T find(T x) { int l = 0, h = w+1, ix = it.intValue(x); Node v, u = r, q = newNode(); while (h-l > 1) { int i = (l+h)/2; q.prefix = ix >>> w-i; if ((v = t[i].find(q)) == null) { h = i; } else { u = v; l = i; } } if (l == w) return u.x; Node pred = (((ix >>> w-l-1) & 1) == 1) ? u.jump : u.jump.child[0]; return (pred.child[next] == dummy) ? null : pred.child[next].x; }
Each iteration of the \(\mathtt{while}\) loop in the above method decreases \(\mathtt{h-l}\) by roughly a factor of two, so this loop finds \(\mathtt{u}\) after \(O(\log \mathtt{w})\) iterations. Each iteration performs a constant amount of work and one \(\mathtt{find(x)}\) operation in a USet, which takes a constant expected amount of time. The remaining work takes only constant time, so the \(\mathtt{find(x)}\) method in an XFastTrie takes only \(O(\log\mathtt{w})\) expected time.
The \(\mathtt{add(x)}\) and \(\mathtt{remove(x)}\) methods for an XFastTrie are almost identical to the same methods in a BinaryTrie. The only modifications are for managing the hash tables \(\mathtt{t[0]}\),..., \(\mathtt{t[w]}\). During the \(\mathtt{add(x)}\) operation, when a new node is created at level \(\mathtt{i}\), this node is added to \(\mathtt{t[i]}\). During a \(\mathtt{remove(x)}\) operation, when a node is removed form level \(\mathtt{i}\), this node is removed from \(\mathtt{t[i]}\). Since adding and removing from a hash table take constant expected time, this does not increase the running times of \(\mathtt{add(x)}\) and \(\mathtt{remove(x)}\) by more than a constant factor.
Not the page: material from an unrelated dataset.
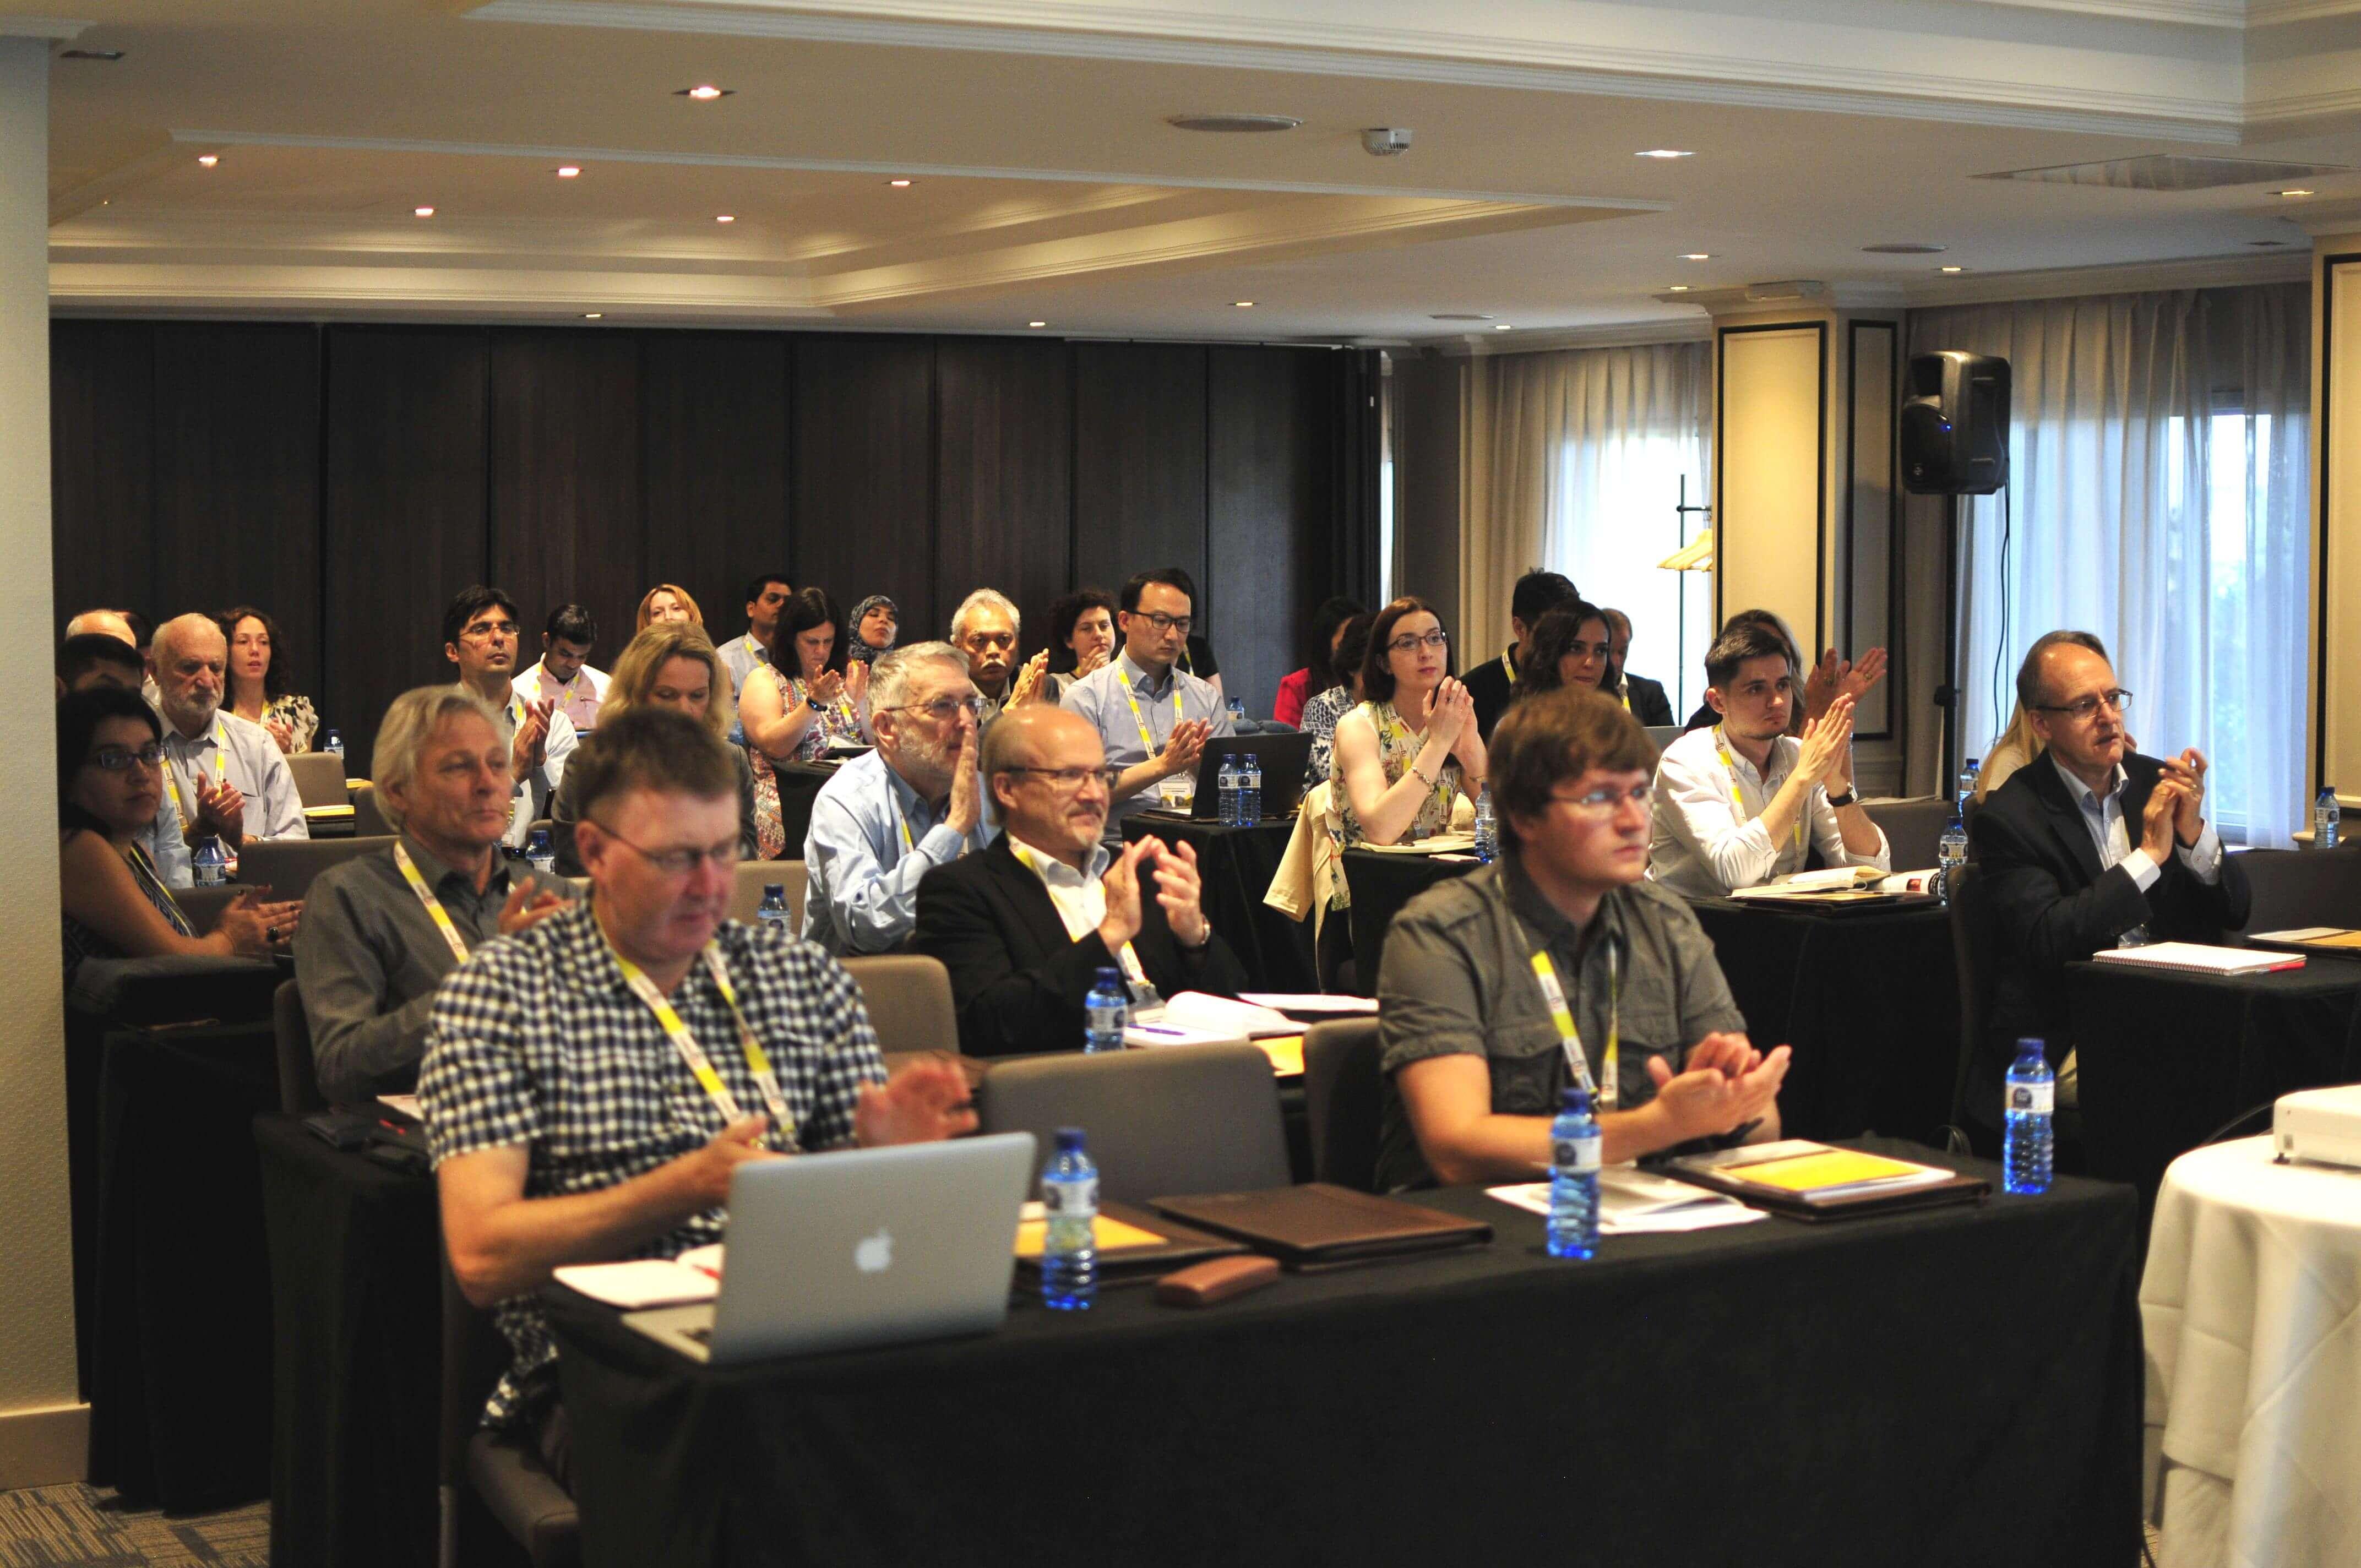 Potential speakers for Pharma 2020

We omit a code listing for \(\mathtt{add(x)}\) and \(\mathtt{remove(x)}\) since the code is almost identical to the (long) code listing already provided for the same methods in a BinaryTrie.
The following theorem summarizes the performance of an XFastTrie:
Theorem \(\PageIndex{1}\).
An XFastTrie implements the SSet interface for \(\mathtt{w}\)-bit integers. An XFastTrie supports the operations
- \(\mathtt{add(x)}\) and \(\mathtt{remove(x)}\) in \(O(\mathtt{w})\) expected time per operation and
- \(\mathtt{find(x)}\) in \(O(\log \mathtt{w})\) expected time per operation.
The space used by an XFastTrie that stores \(\mathtt{n}\) values is \(O(\mathtt{n}\cdot\mathtt{w})\).